MHB How to Solve a Log Equation with Different Bases?

[mathdad]

Solve the log equation

log_16 (3x-1)=log_4 (3x) + log_4 (0.5)

Can someone get me started?

The left side has base 16 and the right side base 4.

How is this done when two different bases are involved?

 

[Evgeny.Makarov]

By definition of logarithm, $\log_{16}x$ is the number $a$ such that $16^a=x$. Note that $16^a=(4^2)^a=4^{2a}$. Therefore, if $\log_{16}x=a$, then $\log_4x=2a=2\log_{16}x$.

 

[mathdad]

By definition of logarithm, $\log_{16}x$ is the number $a$ such that $16^a=x$. Note that $16^a=(4^2)^a=4^{2a}$. Therefore, if $\log_{16}x=a$, then $\log_4x=2a=2\log_{16}x$.

I don't get it.

 

[Evgeny.Makarov]

The quality of information you'll get as help is proportional to how much you reveal about what you understand, where the difficulty is for you and why.

 

[HallsofIvy]

Solve the log equation

log_16 (3x-1)=log_4 (3x) + log_4 (0.5)

Can someone get me started?

The left side has base 16 and the right side base 4.
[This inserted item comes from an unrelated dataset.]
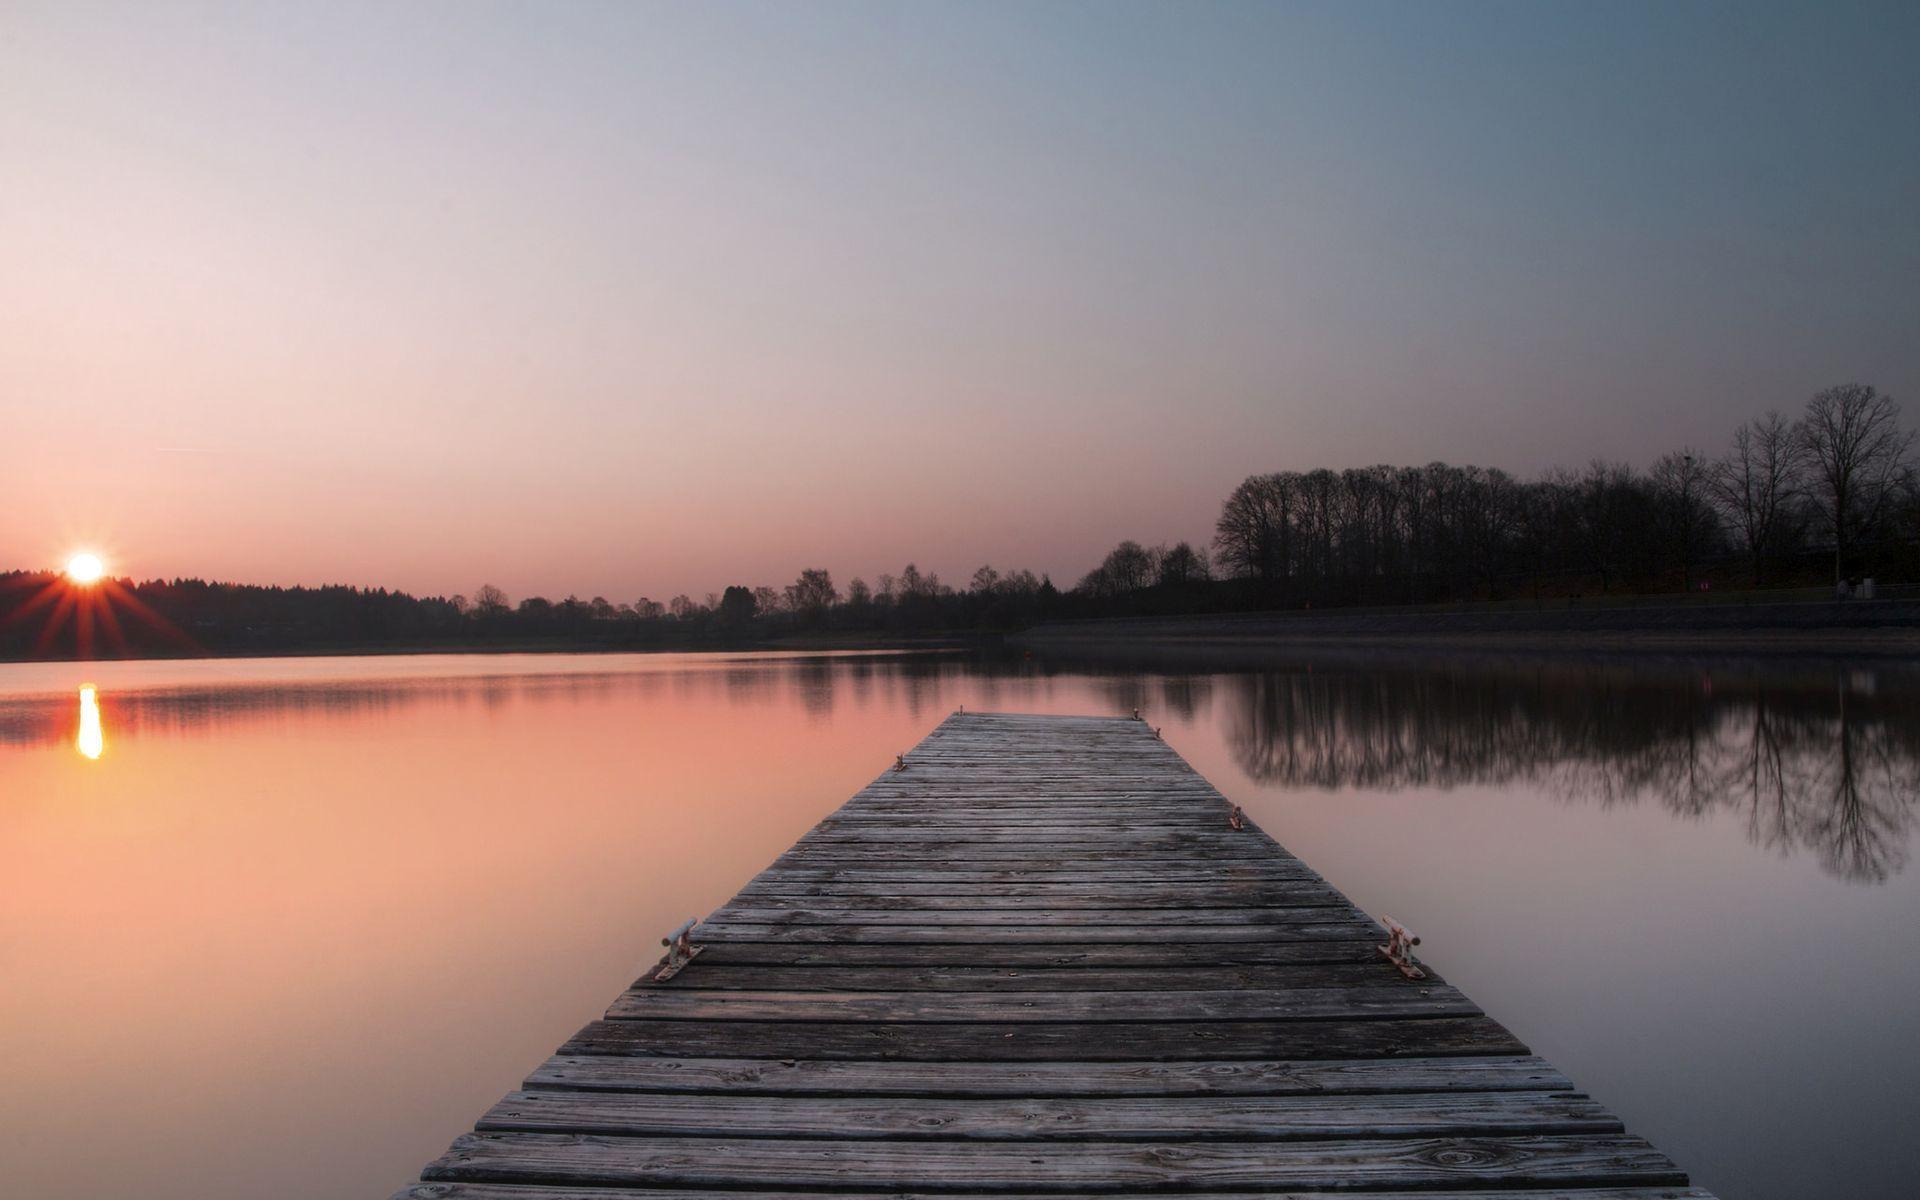 pier-on-the-calm-lake

How is this done when two different bases are involved?

Do you know what "log_16" means? In particular, do you know that, for any positive x, if y= log_16(x) then x= 16^y? Of course 16= 4^2 so x= (4^2)^y= 4^(2y).

Now, take the logarithm base 4: since x= 4^(2y), 2y= log_4(x) so y= (1/2) log_4(x).

You can replace "log_16(3x- 1)" with "(1/2)log_4(3x- 1)" and have the same base:
(1/2)log_4(3x-1)= log_4(3x)+ log_4(0.5).

Now use the laws of logarithms to solve for x.

 

[mathdad]

Thank you everyone.